Unexpectedly, the post became one of my most popular. The attention quickly revealed the limitations in my approach:
- The blend of Objective-C and C was muddled and led to a situation where neither were being used cleanly.
- The boolean flags I copied from the original example were a bad way to describe the playback state and lots of situations were not covered by these flags.
- Sending notifications to the user-interface on a thread that isn't the main thread causes problems.
- The extra thread I added (the download thread) was never thread-safe.
I've finally decided to take the time to present a solution to these issues and present an approach which is a little more robust and a little easier to extend if needed.
You can download the complete AudioStreamer project as a zip file(around 110kB) which contains Xcode projects for both iPhone and Mac OS. You can also browse the source code repository.
Limited scope
One point should be clarified before I continue: this class is intended for streamingaudio.

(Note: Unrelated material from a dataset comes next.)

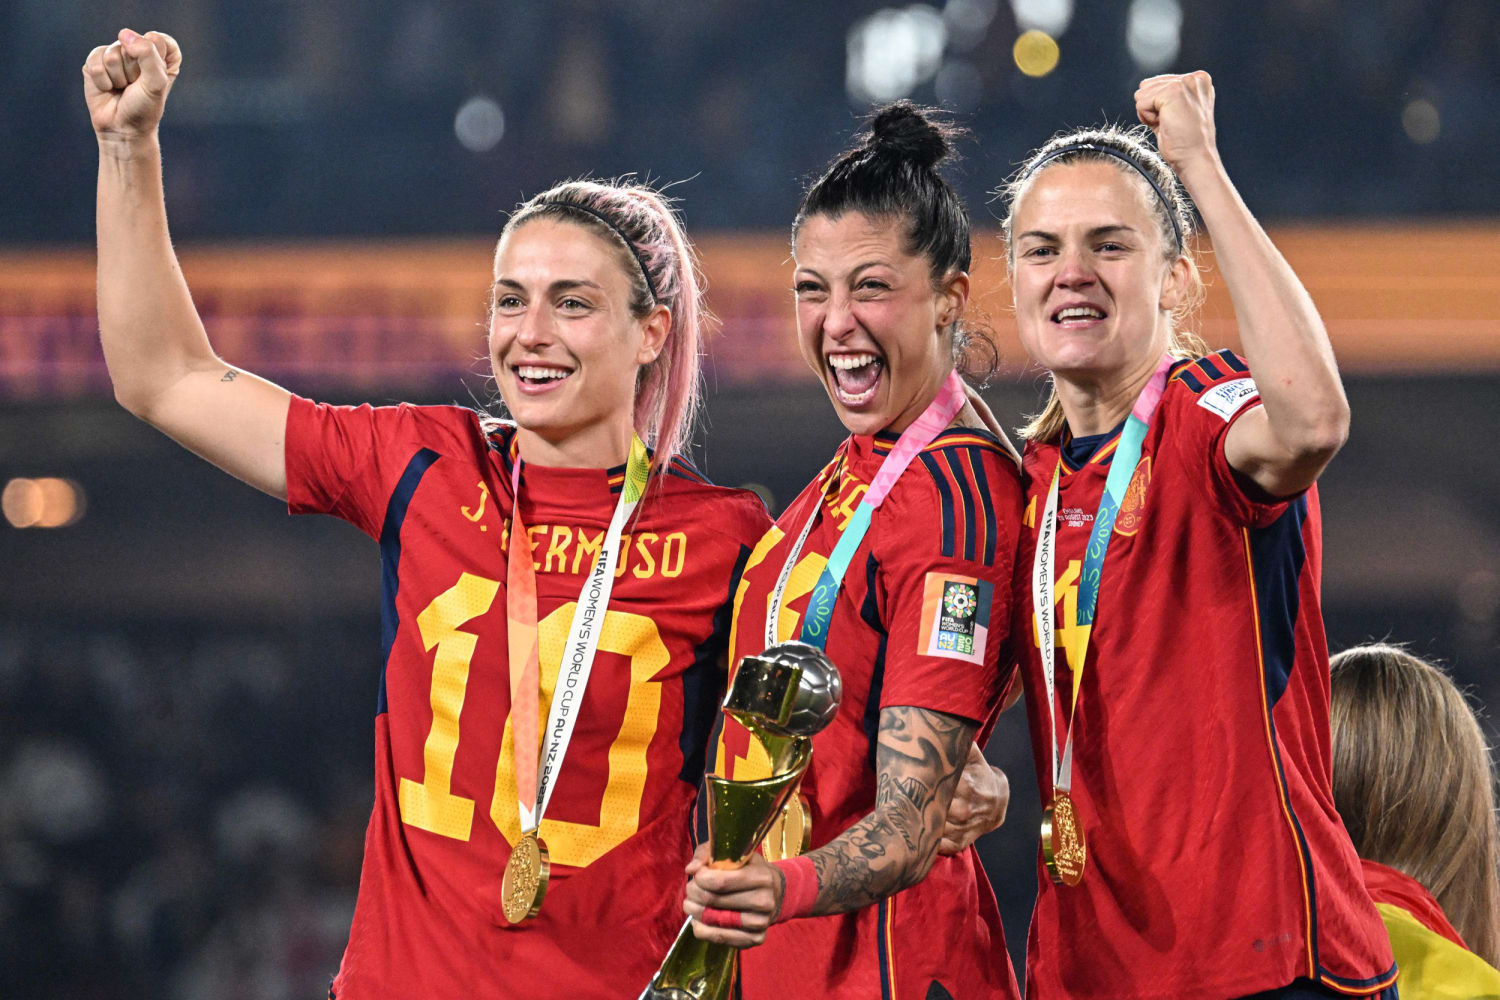 Spains women players to end boycott after football federation commits to change

By streaming, I don't simply mean "an audio file transferred over HTTP". Instead, I mean a continuous HTTP source without an end that continues indefinitely (like a radio station, not a single song).
Yes, this class will handle fixed-length files transferred over HTTP but it is not ideal for the task.
This class does not handle:
- Buffering of data to a file
- Seeking within downloaded data
- Feedback about the total length of the file
- Parsing of ID3 metadata
These things often can't be done on streaming data, so this class doesn't try. See the "Adding other functionality" section for hints about how the class could be reorganised to handle some of these features.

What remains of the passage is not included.